Noise Event Data:

ANEEM - Aircraft Noise Event Extraction Methodology:
In January 2015, the Airports Authority became the first U.S. airport system to upgrade its noise monitoring software using a new and improved noise source classification methodology that accounts for quieter aircraft and higher backgorund noise levels.  Descriptions of Noise Event Detection Methodologies are posted below.

  • Noise Data Updates:  Approximately 30 days after the last day of each month.
  • Available Data:            2015 - Present.


ANEEM Noise Event Classifications and Metrics:

Aneem description

Noise Classification Descriptions:

  • Aircraft:          Noise events correlated with aircraft position data.
  • Community:  Noise events without correlated aircraft position data.
  • Mixed:            Noise events attributed to correlated aircraft and community noise.
  • Background:  Environmental noise not associated with aircraft or community noise.
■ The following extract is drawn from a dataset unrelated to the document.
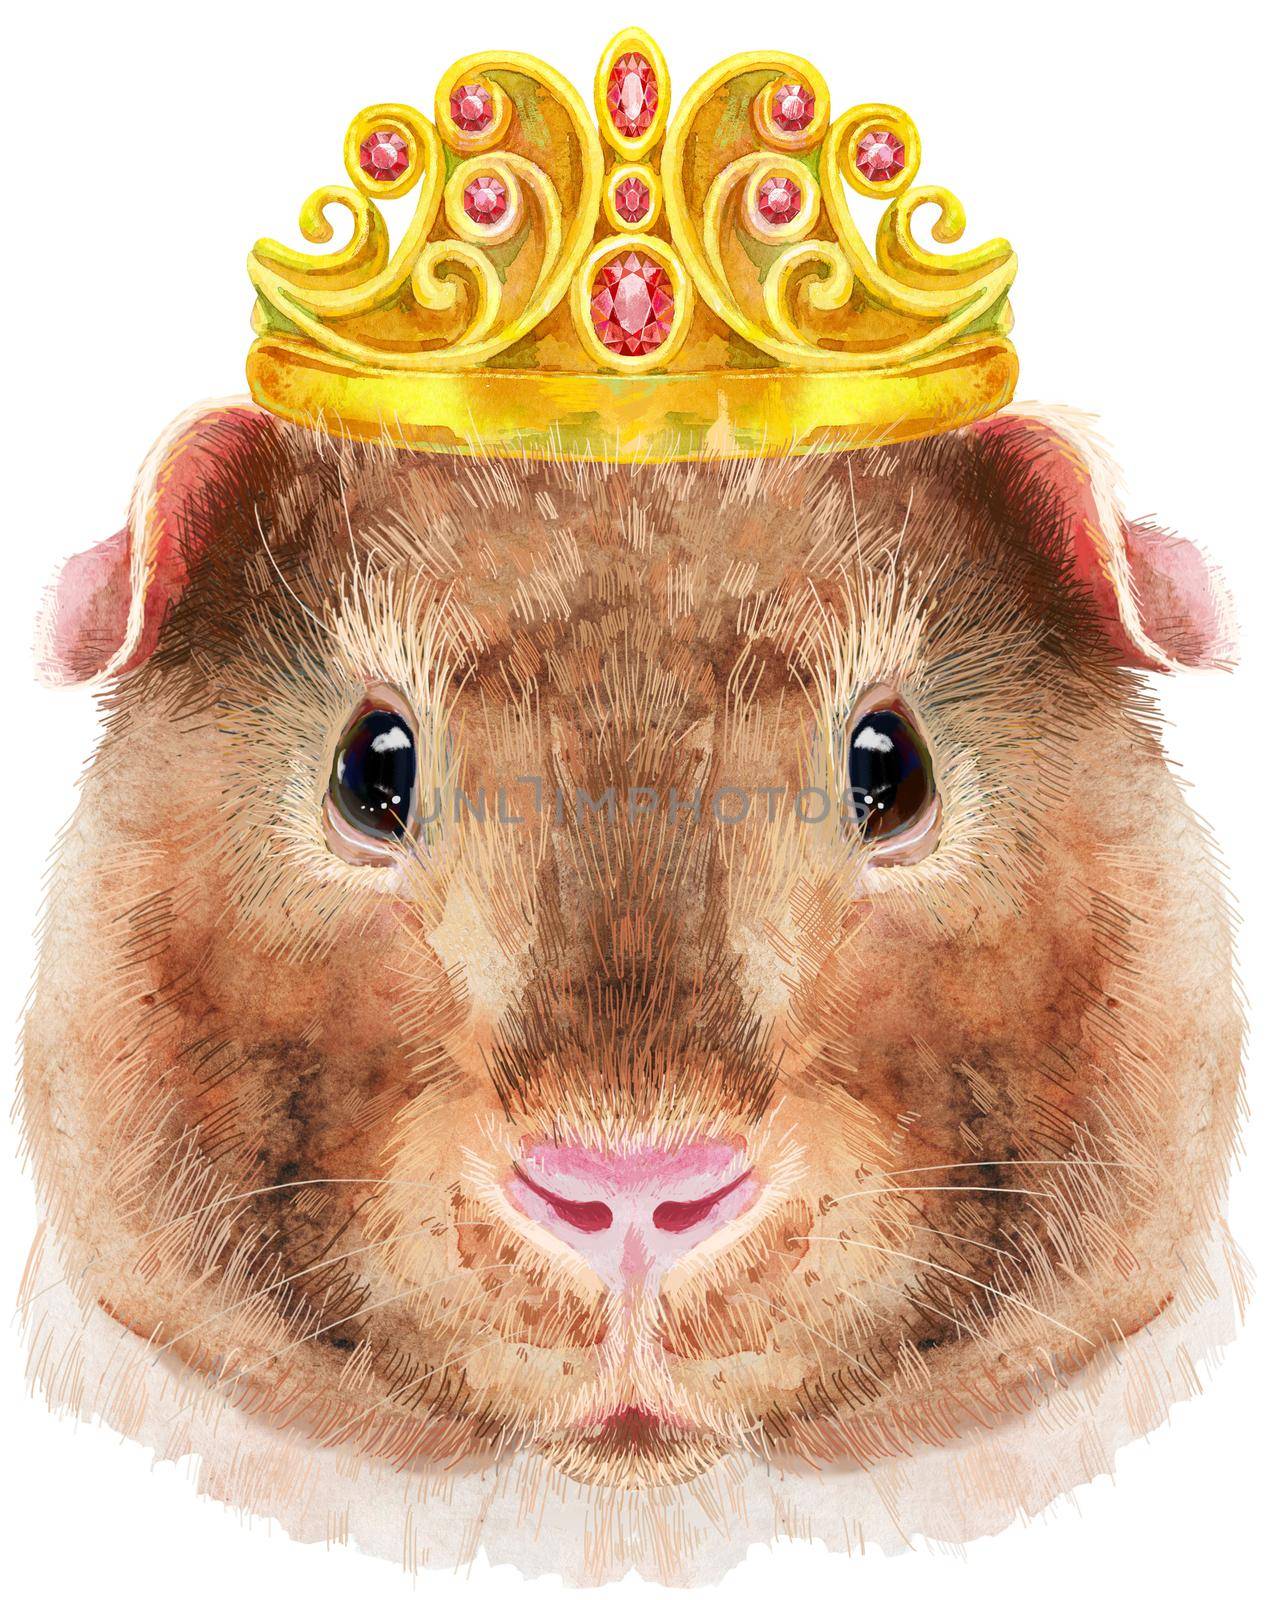 Watercolor portrait of Teddy guinea pig with golden crown on white background by NataOmsk

Noise Event Metric and Table Header Descriptions:

  • Aircraft DNL:  Cumulative exposure metric that logarithmically calculates the average aircraft dB(A) level over a 24-hour period, with a 10 dB penalty** artificially applied to aircraft noise events occuring during nighttime hours (22:00 - 06:59).  (**10 dB penalty is equivalent to substituting '1' nighttime aircraft noise event with '10' nighttime aircraft noise events.)
  • dB(A):  A-weighted decibel scale that adjusts (weights) low frequency ranges to model the response perceived by the human ear.
  • Leq:  For Each Noise Classification:  A cumulative exposure metric that logarithmically averages the varying sound energy over a defined period of time (month), and states it as a constant (equivalent) level for each noise classification type.
  • Lmax:  Single event noise metric that represents the maximum (peak) dB(A) level during a discrete noise event.  Monthly peak levels are represented as:
    • Min (lowest peak), Modal (most common 'whole #' peak), Max (highest peak).
  • Total Leq:  For All Noise Classifications:  Cumulative exposure metric that logarithmically averages the varying sound energy over a defined period of time (month), as states it as a constant (equivalent) level for all noise classifications
  • # Events:  Number of noise events during the month for each noise classification type.
  • % Time Online:  Percent of the month that the noise monitor was operational.


Metrics used to directly compare noise events at a specific noise monitoring location:

      Leq:  Direct comparison of non-penalized aircraft, community, mixed & background noise.
      Aircraft DNL:
  Direct comparison of aircraft only noise, including penalized aircraft noise
                               events occurring between 22:00 - 06:59.






Noise Event Detection Methodologies:

Traditional Noise Event Detection Methodology:  Prior to 2015, the Airports Authority’s noise monitors detected a noise event when the noise level exceeded a noise threshold for a minimum duration.  During noise data post-processing, only detected noise events were correlated against aircraft position data.  The traditional methodology had technological challenges:

  • Quieter aircraft commonly generated noise levels that did not satisfy the noise event threshold criteria.
  • Aircraft noise events could easily be contaminated by community noise sources (traffic, sirens, lawn mowers, construction, community activities, nature – weather, animals).
  • Lowering the noise event detection threshold did not account for increased background noise levels.

ANEEM - Aircraft Noise Event Extraction Methodology:  In 2015, the Airports Authority became the first U.S. airport system to implement ANEEM, developed by EMS Bruel & Kjaer, to identify and classify noise events.

  • ANEEM does not solely rely on the noise monitor to detect a noise event.  During noise data post-processing, ANEEM cross-references databases to identify aircraft in the vicinity of the noise monitor when the noise level rises above the background level. 
  • Aircraft-dominated noise events are identified and correlated by comparing aircraft position data with predicted noise levels for that aircraft, using FAA noise certification data.
  • ANEEM provides a more accurate detection methodology for distinguishing aircraft noise from other noise sources experienced in neighboring communities.

It is very important to clarify that the “total noise” experienced at a noise monitor is unaffected by the choice of a noise event detection methodology.

ANEEM only improves the accuracy of the noise source classification process.  ANEEM noise event counts will be higher because ANEEM accounts for quieter aircraft and higher background noise levels.  However, the “total noise” experienced at the noise monitor is consistent with legacy software.